Intraoperative identification of lung tumors can be challenging. Tumor-targeted fluorescence-guided surgery can provide surgeons with a tool for real-time intraoperative tumor detection. This study evaluated cell surface biomarkers, partially selected via data-driven selection software, as potential targets for fluorescence-guided surgery in non-small cell lung cancers: adenocarcinomas (ADC), adenocarcinomas in situ (AIS), and squamous cell carcinomas (SCC).

Procedures

Formalin-fixed paraffin-embedded tissue slides of resection specimens from 15 patients with ADC and 15 patients with SCC were used and compared to healthy tissue. Molecular targets were selected based on two strategies: (1) a data-driven selection using > 275 multi-omics databases, literature, and experimental evidence; and (2) the availability of a fluorescent targeting ligand in advanced stages of clinical development.
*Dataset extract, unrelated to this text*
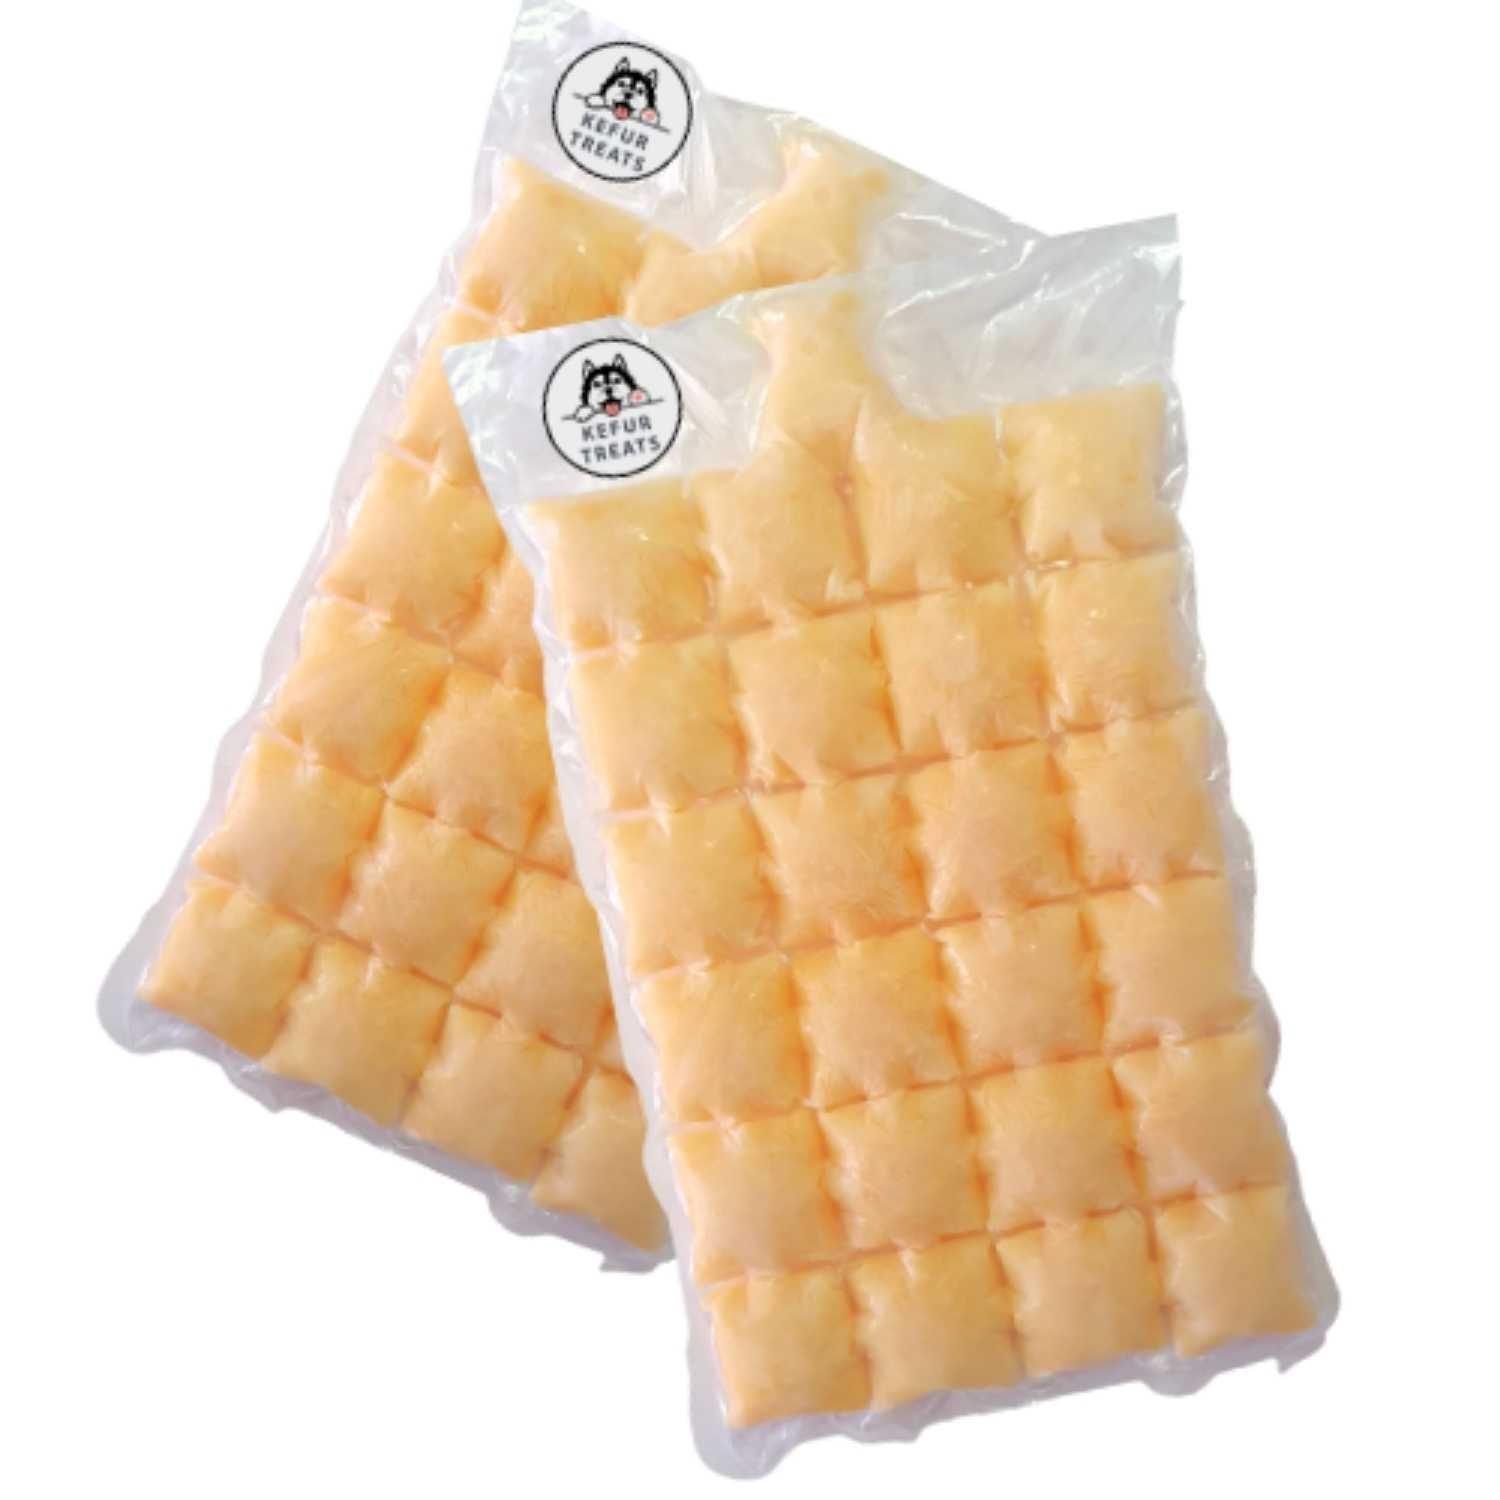 KEFUR TREATS - PUMPKIN Goat Milk Kefir Frozen Pack (24 Cubes) - Pet Treats

The selected targets were carbonic anhydrase 9 (CAIX), collagen type XVII alpha 1 chain (collagen XVII), glucose transporter 1 (GLUT1), G protein-coupled receptor 87 (GPR87), transmembrane protease serine 4 (TMPRSS4), carcinoembryonic antigen (CEA), epithelial cell adhesion molecule (EpCAM), folate receptor alpha (FRα), integrin αvβ6 (αvβ6), and urokinase-type plasminogen activator receptor (uPAR). Tumor expression of these targets was assessed by immunohistochemical staining. A total immunostaining score (TIS, range 0–12), combining the percentage and intensity of stained cells, was calculated. The most promising targets in ADC were explored in six AIS tissue slides to explore its potential in non-palpable lesions.

Results

Statistically significant differences in TIS between healthy lung and tumor tissue for ADC samples were found for CEA, EpCAM, FRα, αvβ6, CAIX, collagen XVII, GLUT-1, and TMPRSS4, and of these, CEA, CAIX, and collagen XVII were also found in AIS. For SCC, EpCAM, uPAR, CAIX, collagen XVII, and GLUT-1 were found to be overexpressed.

Conclusions

EpCAM, CAIX, and Collagen XVII were identified using concomitant use of data-driven selection software and clinical evidence as promising targets for intraoperative fluorescence imaging for both major subtypes of non-small cell lung carcinomas.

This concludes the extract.